Of all spinal tumors, 70% of primary bone tumors are benign [11]. Osteochondromas (exostoses), which represent up to 7% of the benign spinal tumors [3], are a benign outgrowth of bone covered by a cartilaginous cap [8, 12], which could present as either a solitary lesion or as multiple lesions that occur either spontaneously or in an autosomal dominant pattern known as hereditary multiple exostoses (HME) [5].
Spinal osteochondromas occur more frequently in the cervical spine and upper dorsal segments, with lumbar osteochondroma, which is least affected [10]; they commonly arise in the pedicles, the lamina, or in the vertebral body [9]. The relative rareness of lower lumbar osteochondromas is believed to be due to less flexibility of the lumbar region compared to the cervical, which gives the lumber area greater resistance to epiphyseal growth cartilage displacement (which is believed to be the reason for osteochondroma development) [13].
In a review of literature by Yakkanti et al. [3] where they evaluated 84 articles reporting on 149 cases (123 (88.6%) were solitary, and 17 (11.4%) were associated with MHE), for the solitary lesions as the one reported in the current case, the most common region of affection was the cervical spine 63 (52.2%) of the cases, followed by the lumbar region 35 (26.5%), the posterior element was the commonest origin of the lesion with 85 cases (64.3%).

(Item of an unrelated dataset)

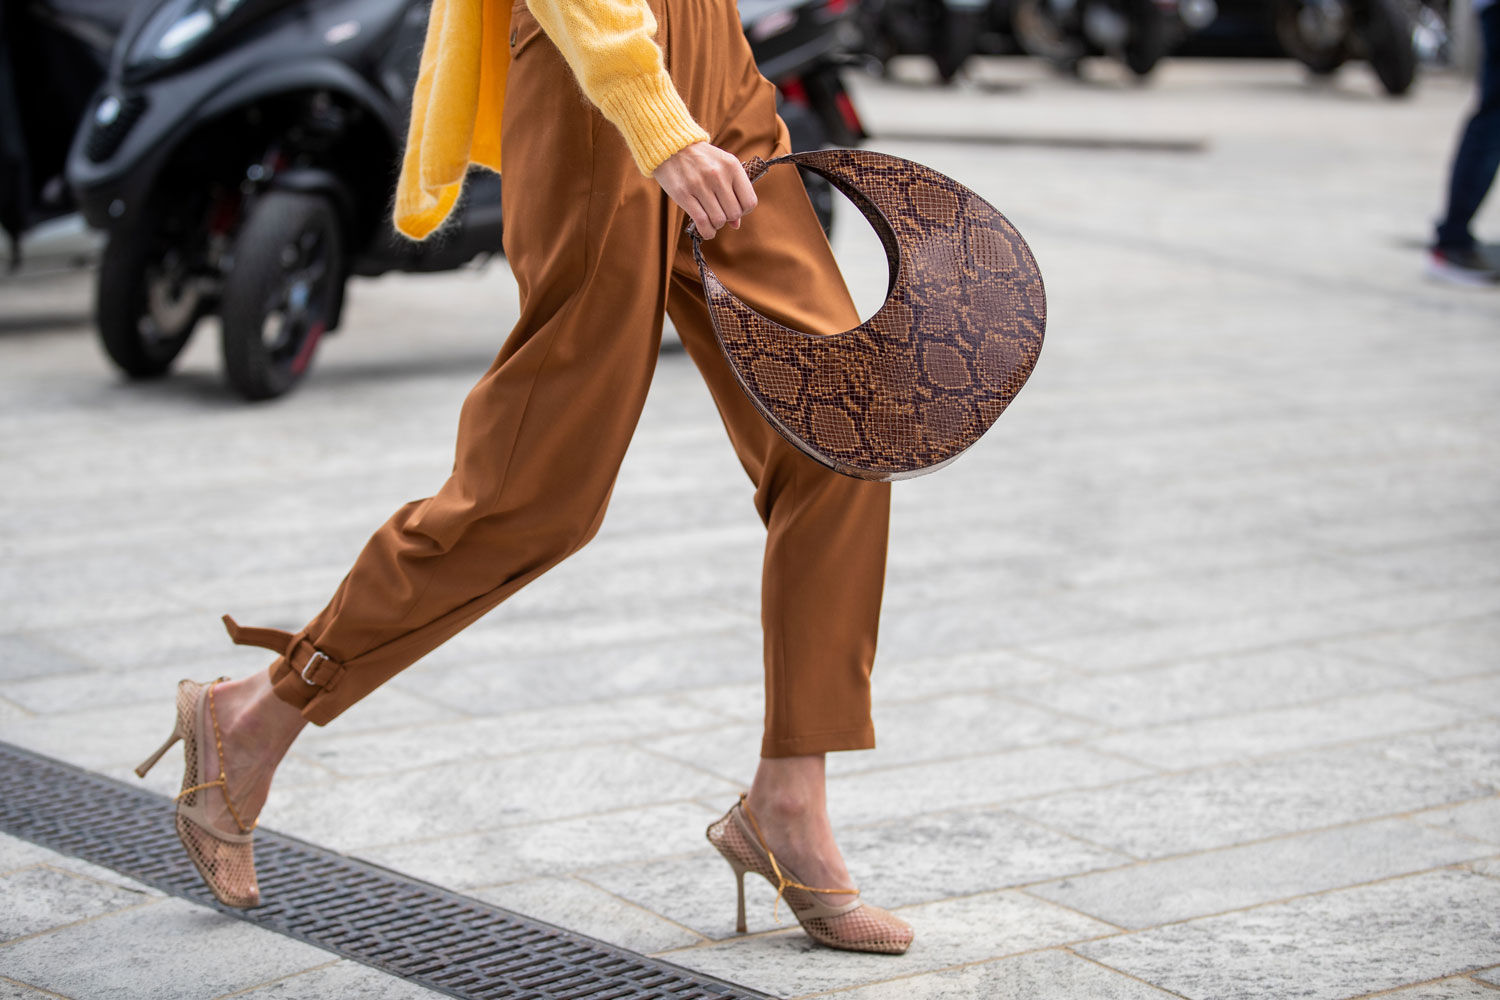 7 of the most sophisticated moon bags to flaunt this season

For the lumber spine affection, four cases were reported to affect L5 vertebrae, one affecting the lamina [14], two affecting the body [15, 16], and in one case, the location was not reported [17].
Lumbar osteochondromas can cause various symptoms depending on their location, commonly related to the mechanical effects of the lesion leading to neurological symptoms (if it is growing inside the canal or compressing a nerve root) in the form of radiculopathy, myelopathy, cauda equina syndrome, foot drop, or neurogenic claudication [4, 8, 10].
Albrecht et al. suggested that plain radiographs are not conclusive for definite diagnosis [5]; further imaging modalities should be utilized, commonly a CT and MRI [3, 4, 15]. The CT scan will define the origin of the mass and help define the anatomical landmarks needed for planning the surgical excision [11]. In contrast, the MRI will be beneficial for measuring the cartilage cap’s thickness, assessing the surrounding neural tissues, and if a suspected malignant transformation needed to be ruled out [9].
Surgical resection of a lumbar osteochondroma is the management option of choice, especially if the patient is presented with symptoms; this surgical excision could be in situ marginal or wide excision, via a posterior, anterior, or combined approach, according to the location and the size of the mass [3, 6]. In case of development of neurological symptoms, surgical excision with decompression of a nerve root or the neural canal should be performed, with instrumented stabilization with or without fusion according to the spine stability after lesion resection [3, 14, 15].
Although it is fortunately rare, malignant transformation is considered the most concerning complication, with an estimated risk of transformation of about 1% for solitary osteochondroma and up to 5% for multiple osteochondromas [10]. Malignant transformation should be suspected if the cartilaginous cap is more than 3 cm, when patients report new onset of symptoms, and when the mass rapidly increases in size [9].